Andrea, Shit, I always hope for some great words to flow through me to you and so far that has never happened. LIke Michelle said, you don’t always have to be strong for everyone else. And then again there’s that great old saying “Fake it till you make it”. Maybe keeping everyone elses morale up is somehow helping you too. Or maybe you just need to let your insides show on the outside for a change. The fact that you can suck it up and cheer up the others is a great gift and as all great gifts, it surely is from God. I don’t know you but you sure seem to be a strong woman,mom, wife and friend. But if for today you don’t wanna put on the brave face then don’t. Sometimes we have to give ourselves permission. As always you are in my prayers.
I’m praying for you.
Thinking and praying for you today.
You are so freaking cool. We dont know eachother but I teach at 2 rock schools in the area and have heard great things about you. A friend of mine passed away in december from cancer at 20, and while she was fighting she had a great attitude just like yrs.
Stay Rad and fight the good fight!
Dear Andrea
You don’t know me, but I found out about your website through my daughter-in-law Laura Mckinley, my son is Eric McDade.
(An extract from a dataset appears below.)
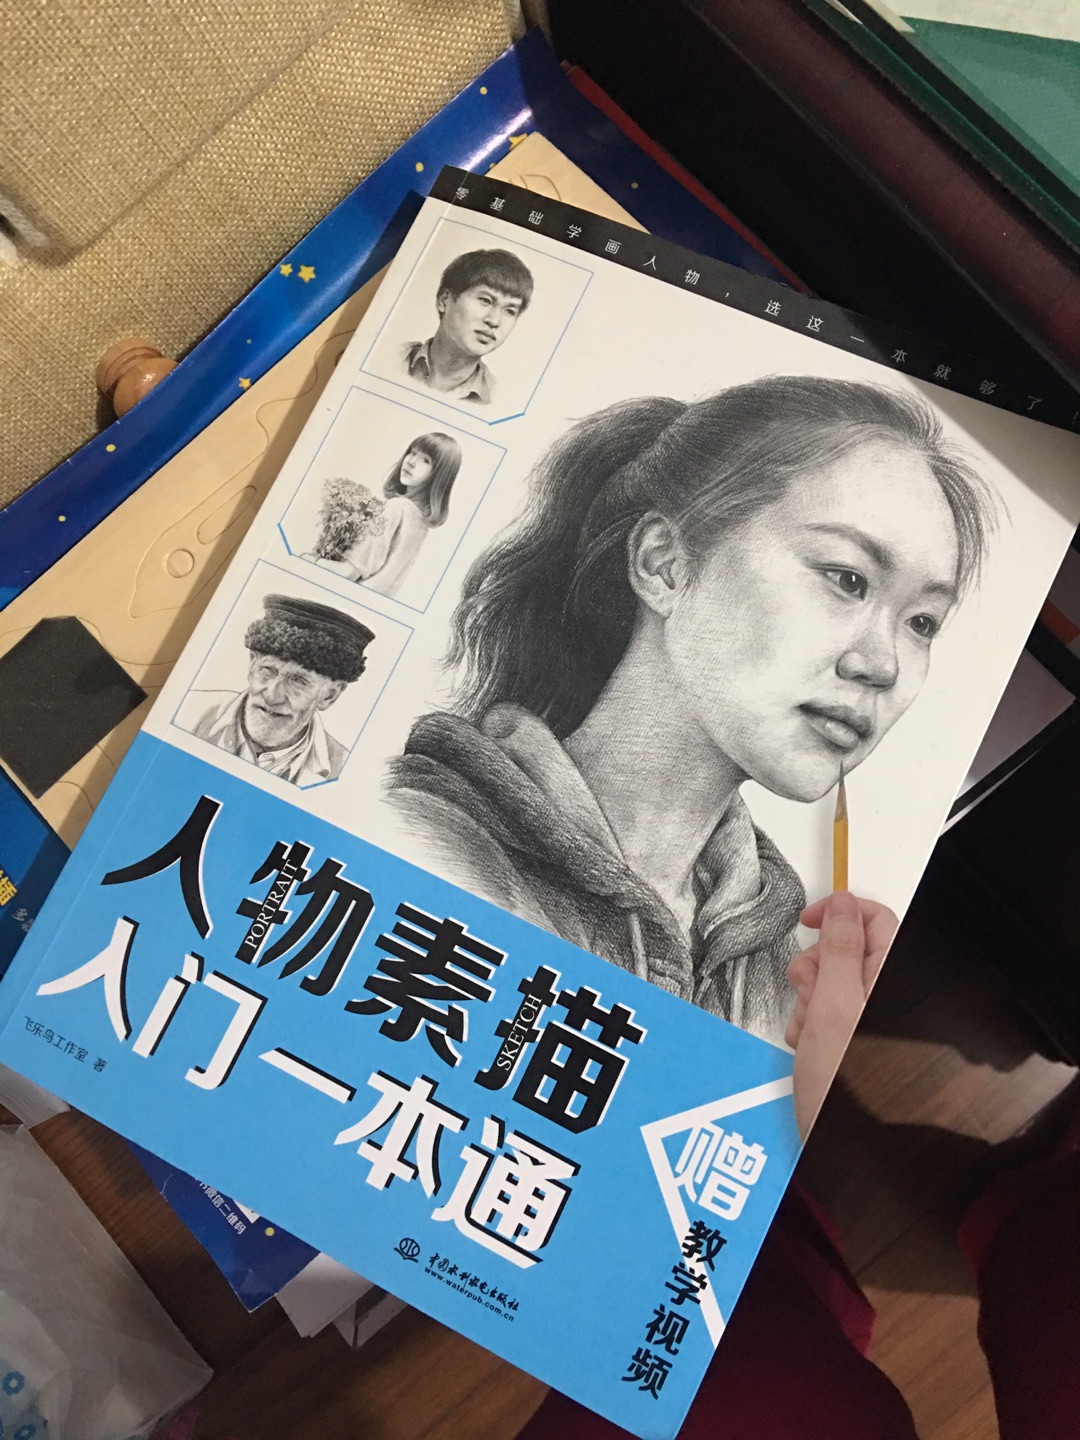 是吴晓波的粉丝，也喜欢画画，书的质量挺好的，速度也快，素描书介绍详细易懂，很适合自学。

I just wanted to commend you on your strength and courage.
Being stressed and dreading what follows chemo treatment is quite understandable and very normal, so don’t beat yourself up for those feelings.
You are an amazing person for sharing your most inner thoughts with others……it seems it might be good therapy for you.
You obviously have a great since of humor, (Chemo sobby), humor is always a good thing, but cry and be mad if you must. You have had your entire life turned upside down and the change of feelings that you are going through is normal, so don’t keep them locked up inside. Keep writing and expressing yourself in what ever way it helps you to get through these tough times.
Six beautiful children, how wonderful. Large families are far and few between these days. Thank God you have them and your husband at your side.
I hope you don’t mind my emailing you. I just wanted to let you know that there are others out there thinking of you and praying for you and your family.
My thoughts and prayers will be with you throughtout your treatment. God is good and He will see you through this.
God bless you!
Sincerely,
Diane McDade
You’re gonna do this the same way I am. One round at a time. You can do it. I can tell from the comments you have a spectacular group of people praying for you and your family. Feel their arms around you. Never underestimate the power of prayer.